In April 2023, ED conducted searches and seizure operations at Byju’s three locations in Bengaluru, comprising two business premises and one residential property. During the search, various incriminating documents and digital data were confiscated. The FEMA searches have revealed that the company received foreign direct investment amounting to approximately Rs. 28,000 crore from 2011 to 2023. Additionally, the company remitted approximately Rs. 9,754 crore to various foreign jurisdictions during the same period as overseas direct investment. Notably, around Rs. 944 Crore has been accounted for as Advertisement and Marketing expenses, including the remitted amount to foreign jurisdictions.

In addition to these scrutiny operations, Byju’s is grappling with substantial financial hardships, resulting in massive layoffs, delayed salary payments, and the necessity to sell personal and company assets to repay loans and cover outstanding employee salaries, among other critical measures. Notably, Byju’s urgently needs a substantial infusion, estimated at Rs 500-600 crore, to settle outstanding dues owed to both employees and vendors.

The challenges at Byju’s are compounded by significant departures within its leadership. The Chief Financial Officer (CFO), Ajay Goel, departed from the edtech startup in less than seven months, choosing to return to Vedanta in October 2023. This follows the high-profile and abrupt exits of auditor Deloitte and three key board members in June 2023, raising concerns about the stability of the company’s leadership team.

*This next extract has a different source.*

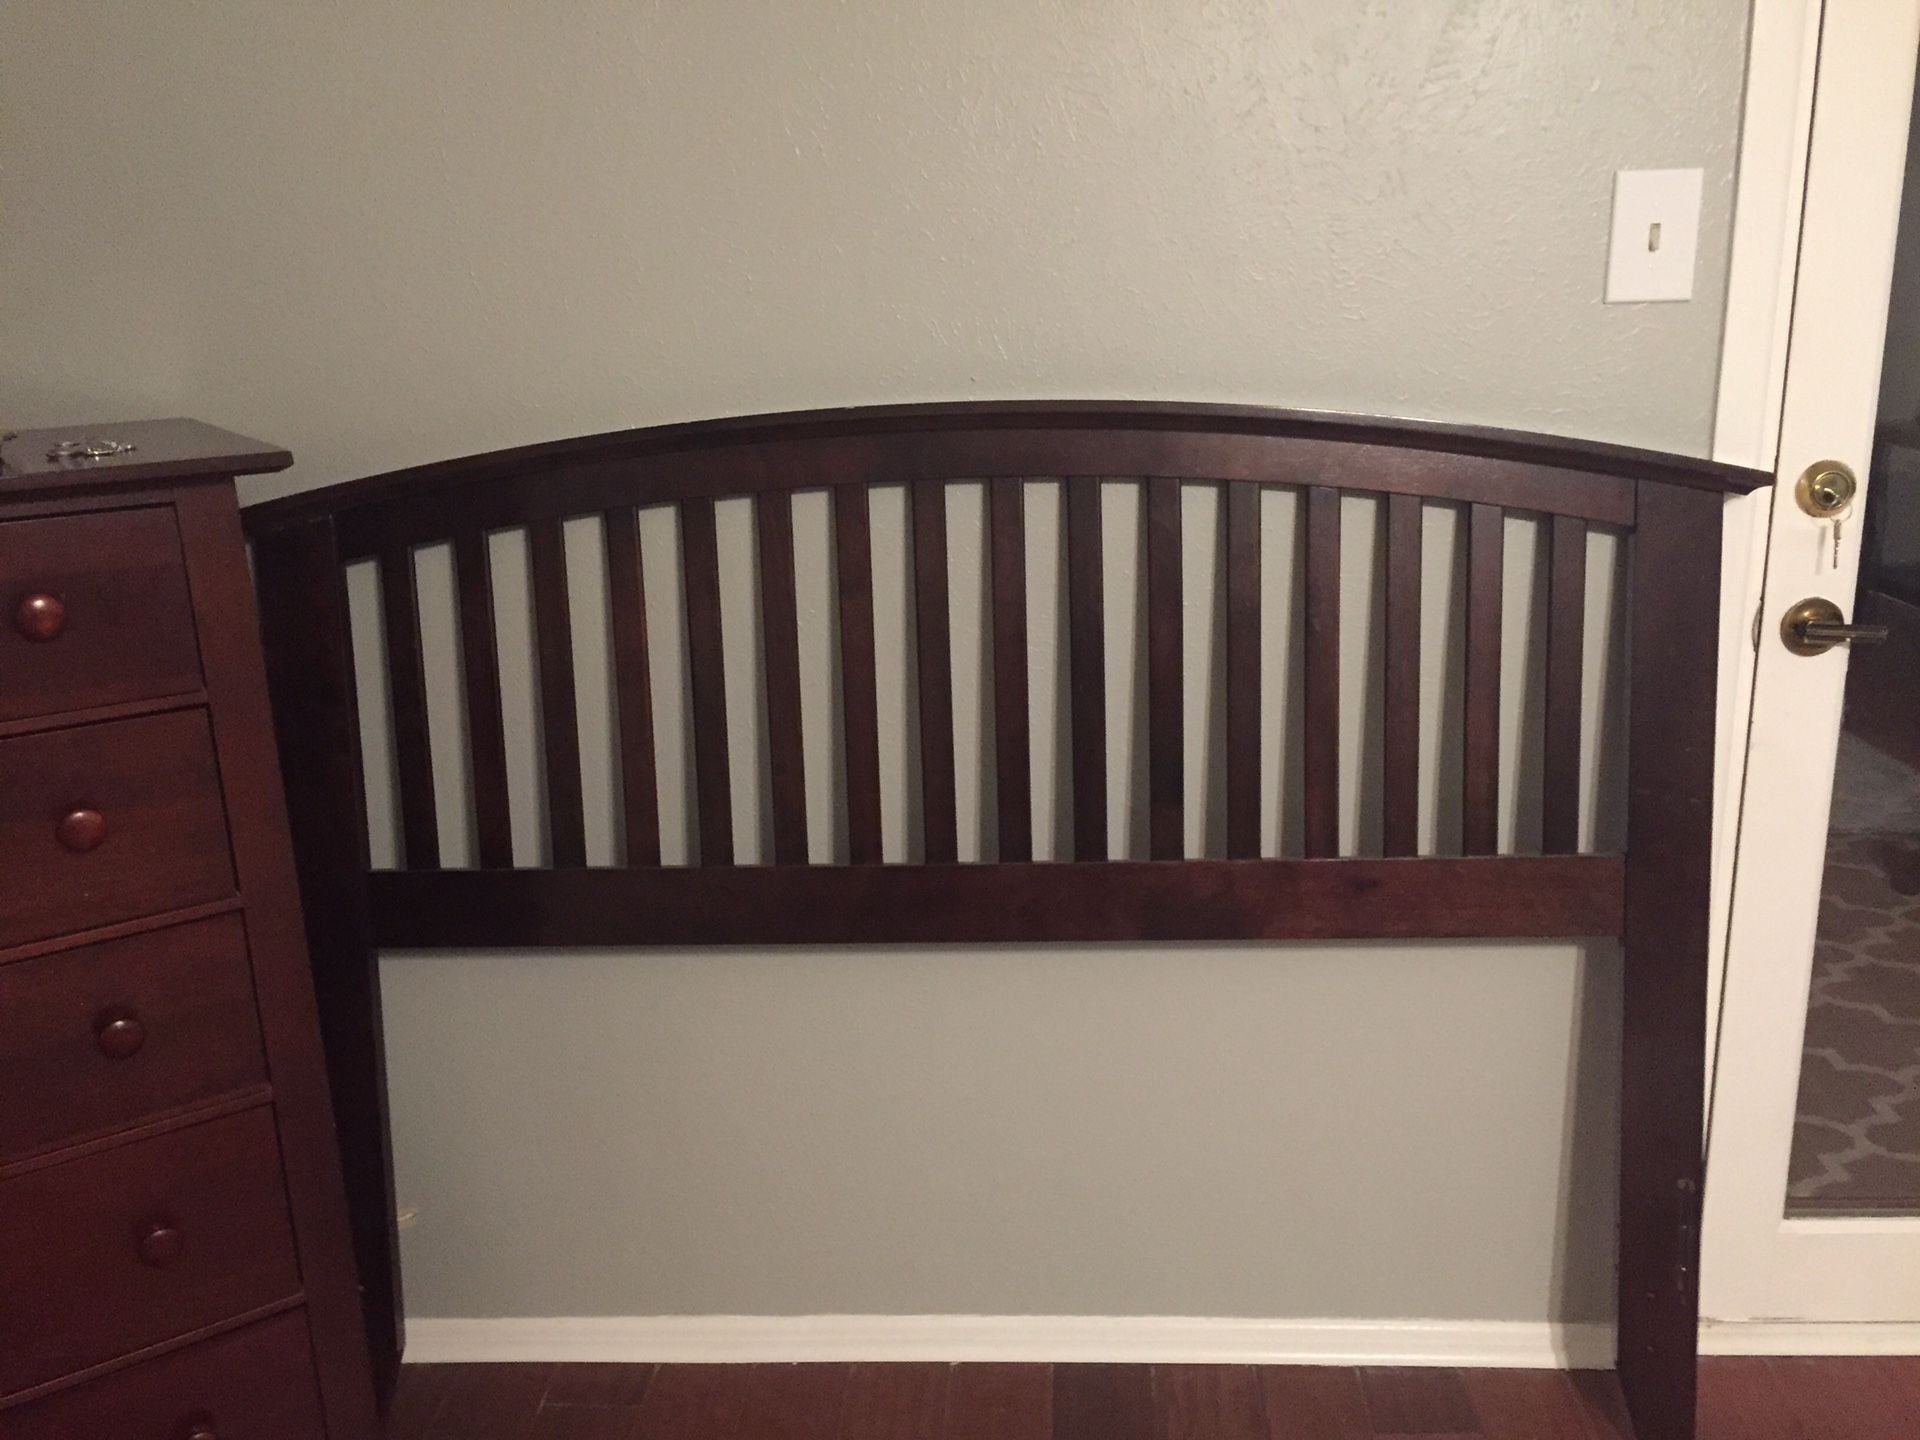 Full-sized box spring, mattress, bedrails, and headboard (does NOT attach)

Notably, Byju’s has faced public criticism from investor Prosus, which publicly expressed dissatisfaction with the company in July 2023. Prosus criticized the company for its perceived lack of evolution and for disregarding the investor’s advice and recommendations despite repeated attempts. This public rebuke from a major investor further underscores the challenges and strains the company is facing both operationally and in terms of investor relations.

After all is said and done, Byju’s seems to be coming to an end. Even though challenges are substantial and seemingly insurmountable, the possibility of recovery or strategic shifts should not be ruled out entirely. Investors, stakeholders, and the company’s leadership may still explore various options, including restructuring, new investment, or other measures to turn the situation around.